Is this art or photography?

Well, technically anything can be art. And technically any photo can be photography.

When anything is technically art and/or photography, that also doesn’t mean it’s good art and/or photography.

I think Instagram is a trendy little app that’s fun for social networking and it’s not going to make any great photographers. I have yet to see anything with Instagram that makes me say “Oh wow, what an amazing piece of photography!”

But that doesn’t mean people can’t have fun with it.

I have seen some cool stuff shot with an iPhone - I’m just not really impressed by the Instagram filters. They’re cute and there’s nothing wrong with cute.

I believe that photography should be shared with the world and if the only piece of camera equipment someone has is an iPhone - well, why not work with that?

But maybe not use Instagram because then the photos will look like everything everyone else shot using Instagram.

I do feel like people take Instagram a little too seriously. Who cares if Facebook bought it? Facebook will eventually purchase America and Mark Zuckerberg will become dictator, forcing us to “Like” this country.

I’m a fan of vintage processing and all but there is also beauty in subtly. I also don’t like it when people call Instagram “processing” when from what I understand, it’s a 2 second button click, not actual processing. That’s more like a FILTER.

So is there a conclusion to this?

Not really. But when I get a new phone, I might have to do Anecdotes. Instagram Edition.

-Anecdotes. Vol. 1

Friday, April 27, 2012

Waking Up in Seattle Sun.

pale warmth
slowly caresses
the window sill
and creeps in
onto the carpet
and climbs up the bed
and onto my eyes
making me open them

fuck I wish I had blinds
the manager of my apartment
is kind of a dick
and did not give me blinds
to my new place

I did not want to
wake up this early
I should plant a nest of owls
out side of his unit
or maybe some bees

-Anecdotes. Vol. 1

Thursday, April 26, 2012

Rare.

You know you have a rare disease when you call 911 and you have to spell out the name and explain the nature of your disease to the EMTs and the doctors at the Emergency Room.

That said, I am very thankful for the health care that I have been receiving in Seattle.

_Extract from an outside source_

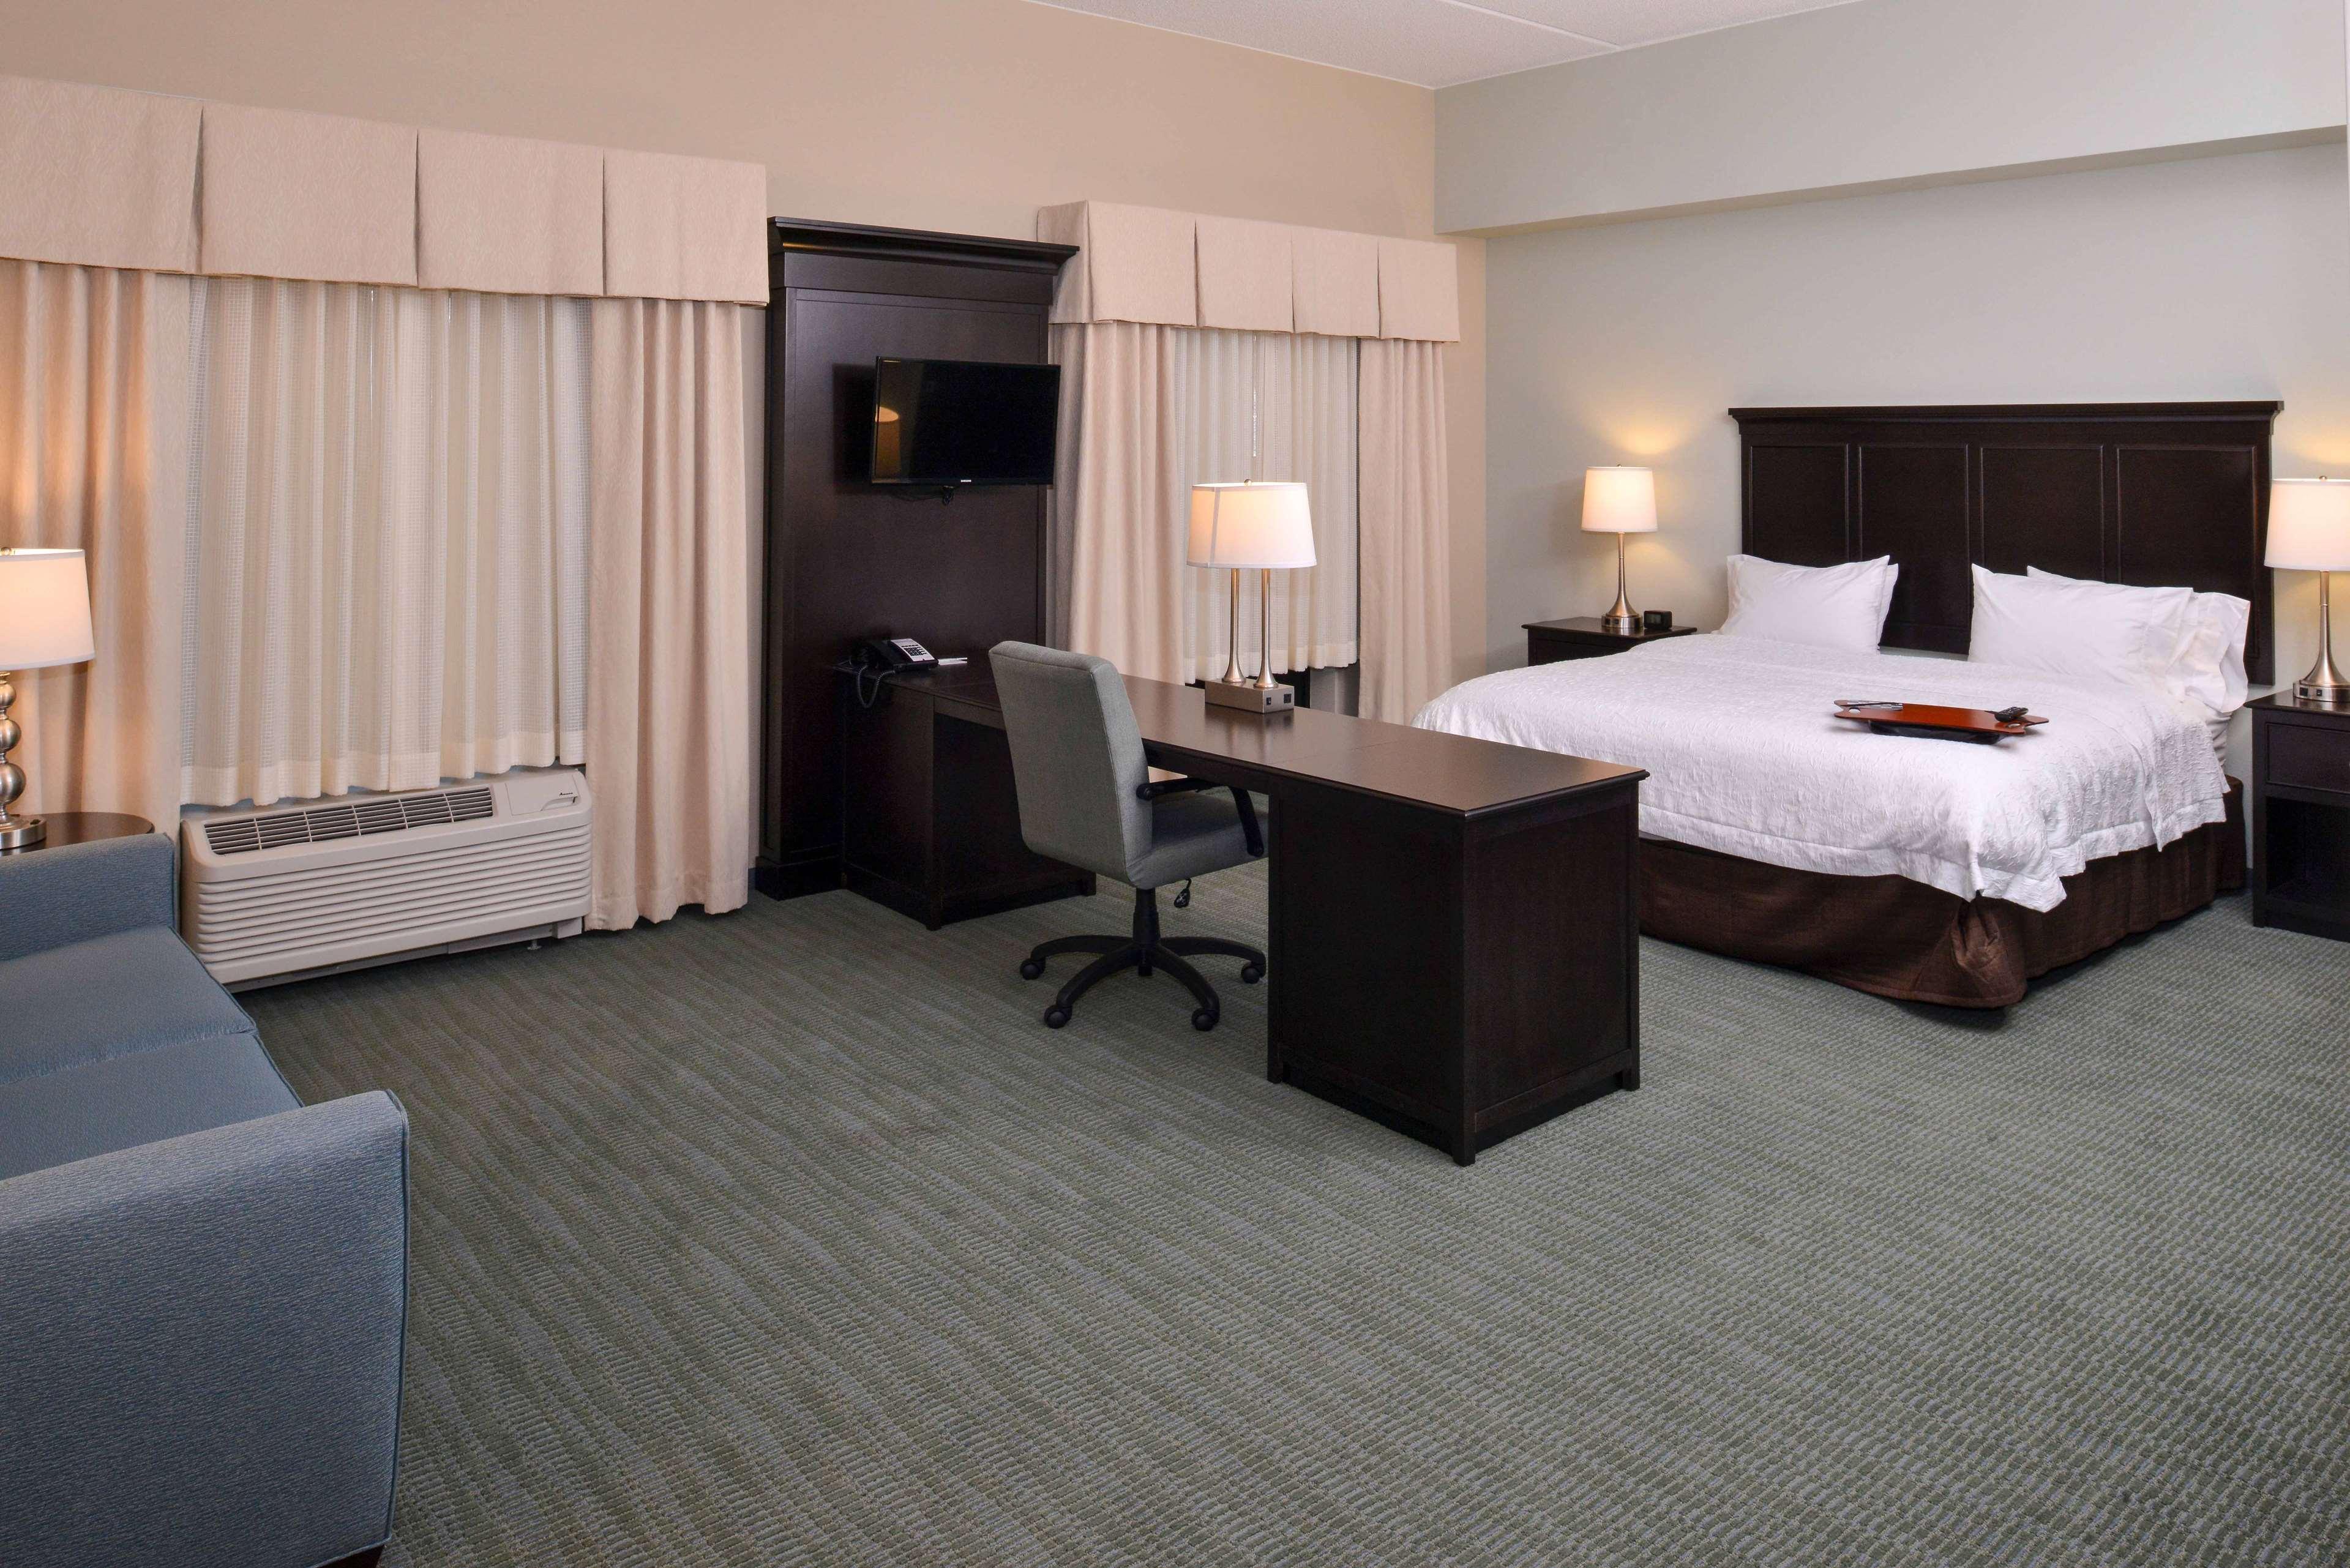 Hampton Inn & Suites Mount Joy/Lancaster West image 28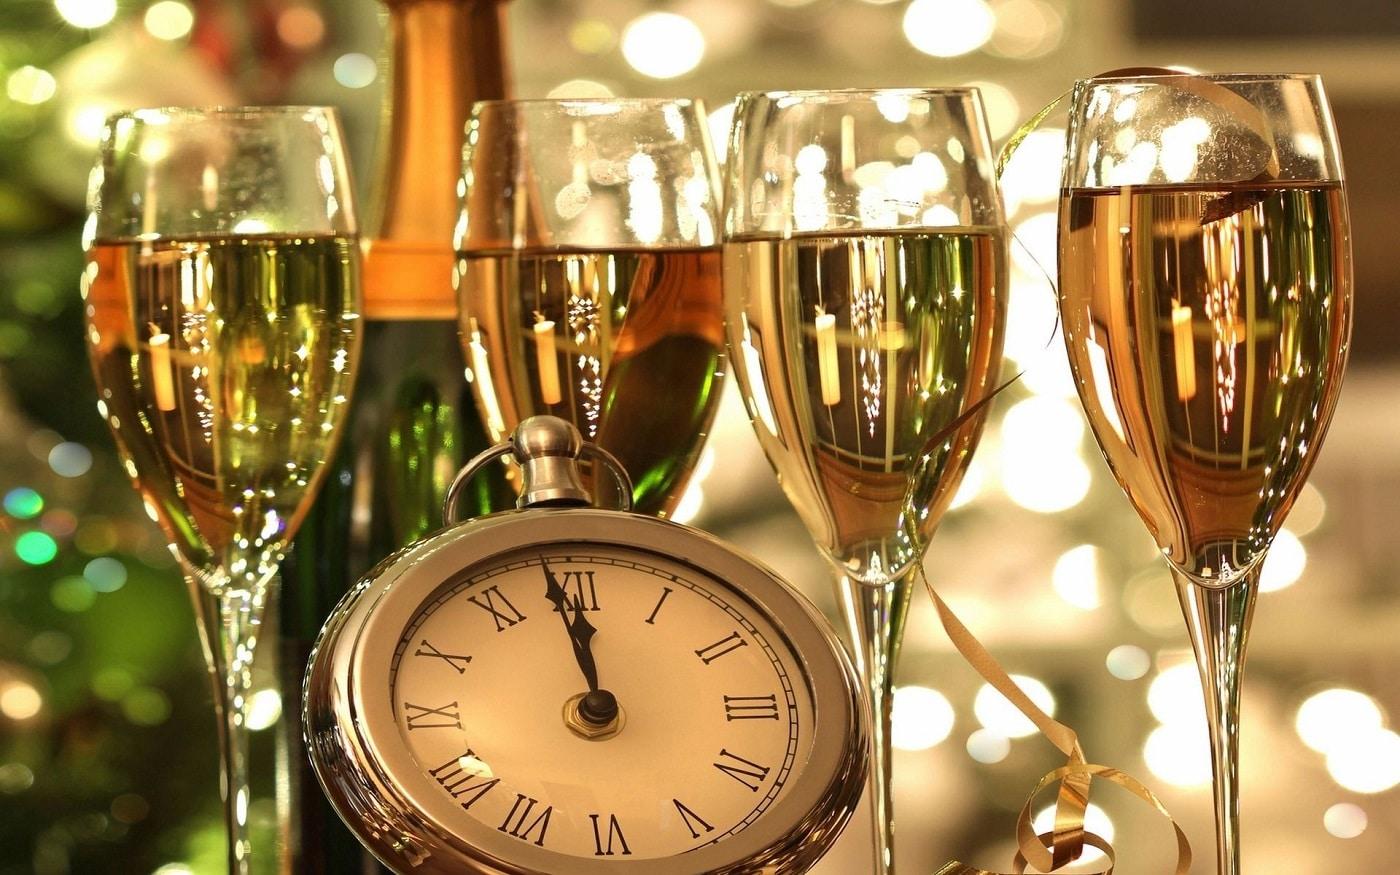 Anul Nou, un moment de bucurie

Just wish I had diseases that were more common… and you know maybe had funding, that might be kind of nice. They don’t make drugs for them so treatment options are pretty much non existent, and I sure as hell won’t ever see a cure. Not many people have my conditions so there’s not really a demand and research is expensive.

I’ll be lucky if I ever see a fund raiser! I don’t even think I’ve seen those stupid fucking rubber awareness wrist bands. Well, I hate those things anyways so it’s just as well.